At which temperature would a reaction with H -92 kJ/mol, S -0.199 kJ/(mol-K) be spontaneous? A.600k B.500k C.400k D.700k

Answer 1

Given information : H = -92 KJ/mol and S = -0.199 KJ/(mol.K)

At equilibrium G = 0

We have to find the Temperature at which reaction would be spontaneous.

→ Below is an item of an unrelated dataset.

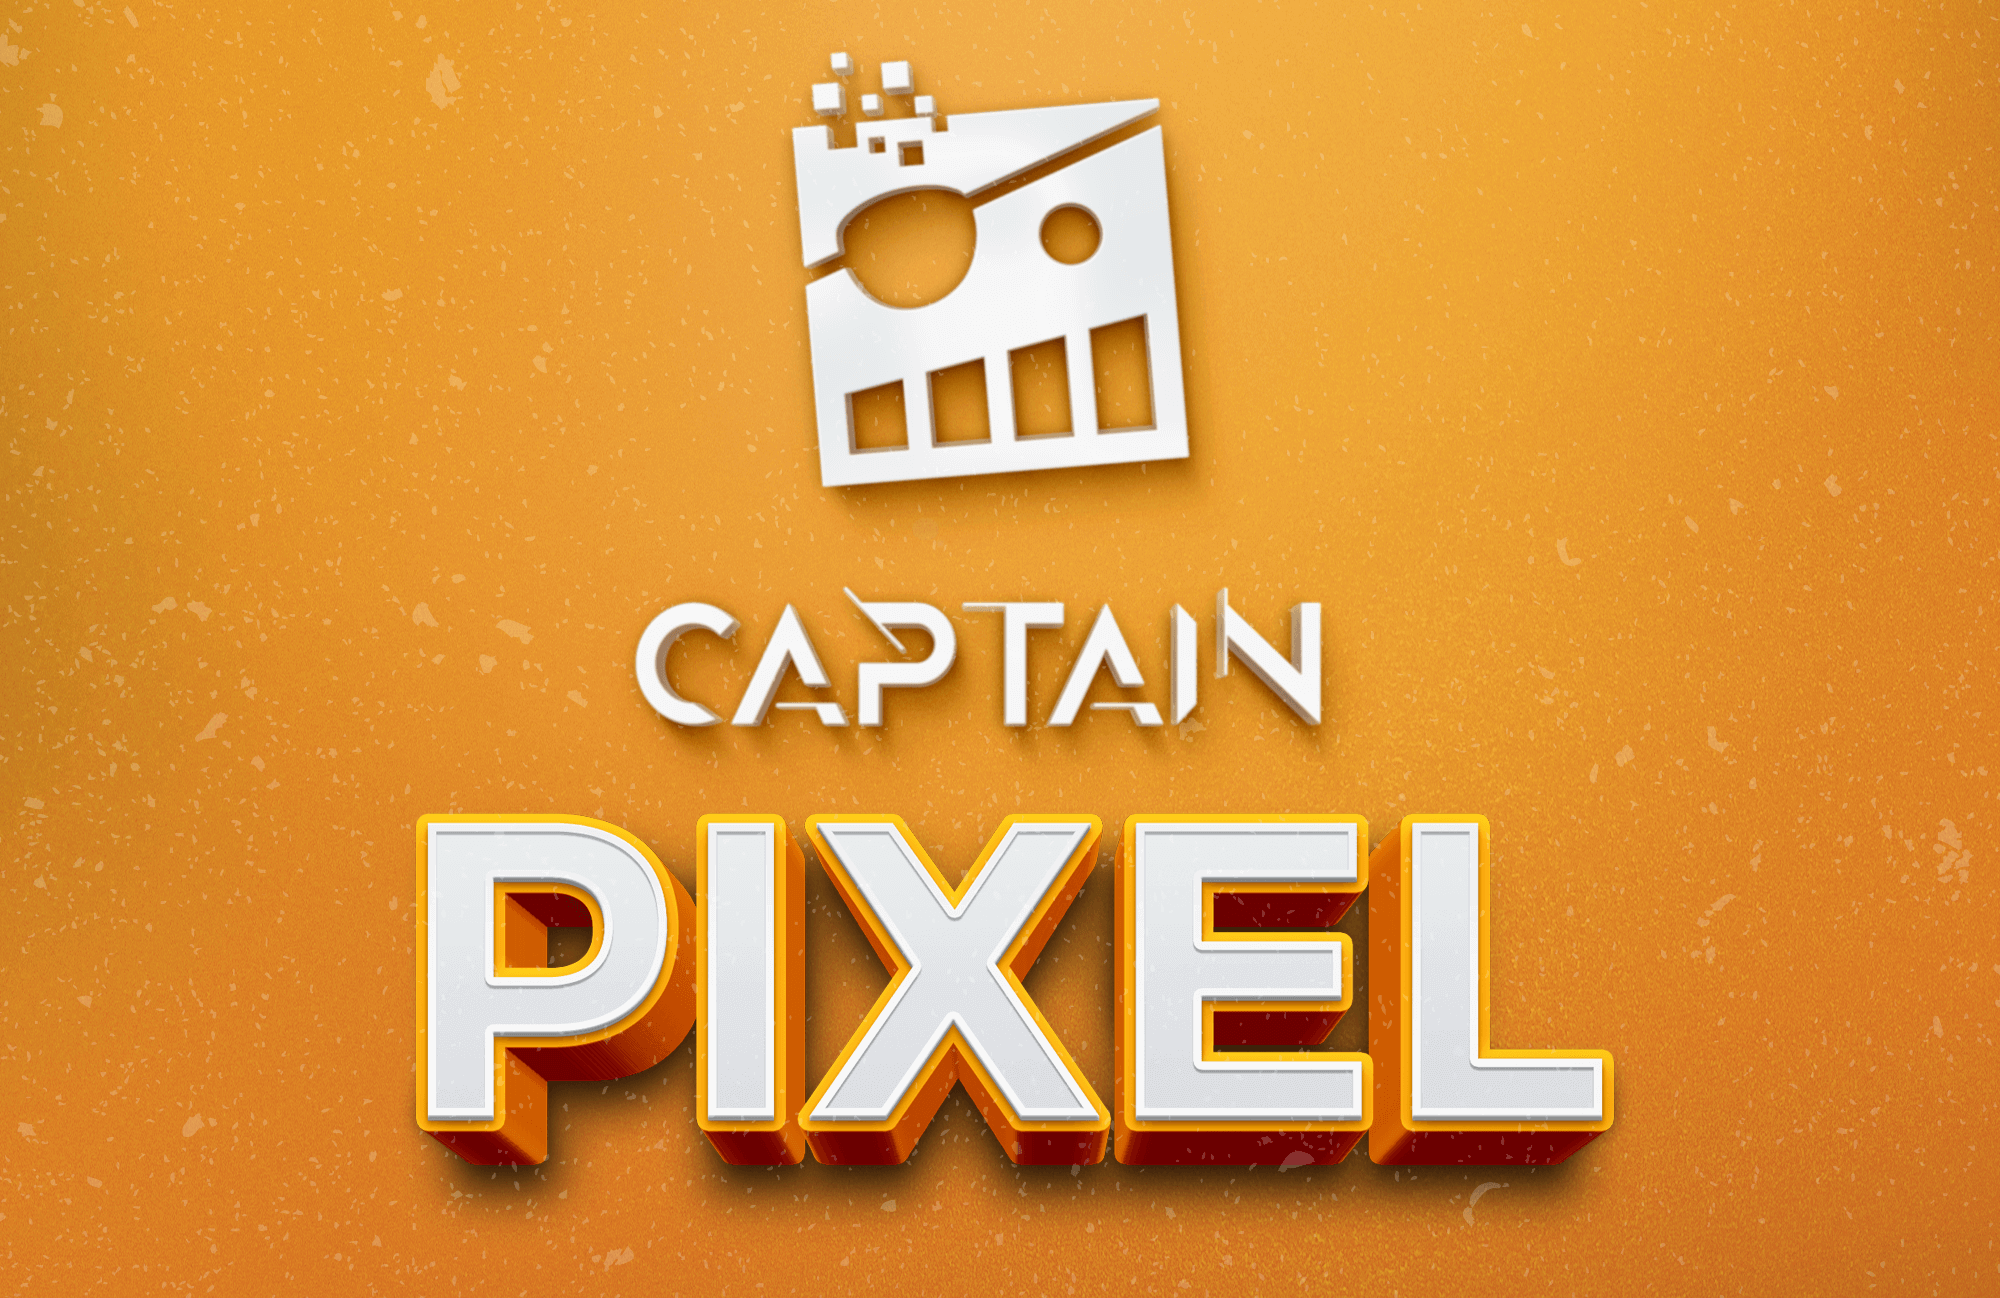 Captain Pixel

For spontaneous reaction : $\triangle G = negative (-)$

For non-spontaneous reaction : $\triangle G = positive (+)$

We can find the temperature using the formula for Gibbs free energy which is:

$\triangle G = \bigtriangleup H - T\bigtriangleup S$

Where, G = Gibbs free energy ,

H = Enthalpy

S = Entropy

T = Temperature

By plugging the value of G , H and S in the above formula we can find 'T'

$\triangle G = \bigtriangleup H - T\bigtriangleup S$

Since reaction should be spontaneous that means $\triangle G$ should be negative , so the above formula can be written as :

$\triangle G < \bigtriangleup H - T\bigtriangleup S$

On rearranging the above formula we get :

$0 < \bigtriangleup H - T\bigtriangleup S$

$T < \frac{\bigtriangleup H}{\bigtriangleup S}$

$T < \frac{-92\frac{KJ}{mol}}{-0.199\frac{KJ}{mol.K}}$

$T < (\frac{-92}{-0.199})\times (\frac{KJ}{mol})\times (\frac{mol.K}{KJ})$

$T < 462.3 K$

For the reaction to be spontaneous , T should be less than 462.3 K, so out of given option , C is correct which is 400 K.

Answer 2

The answer is C which is 400k.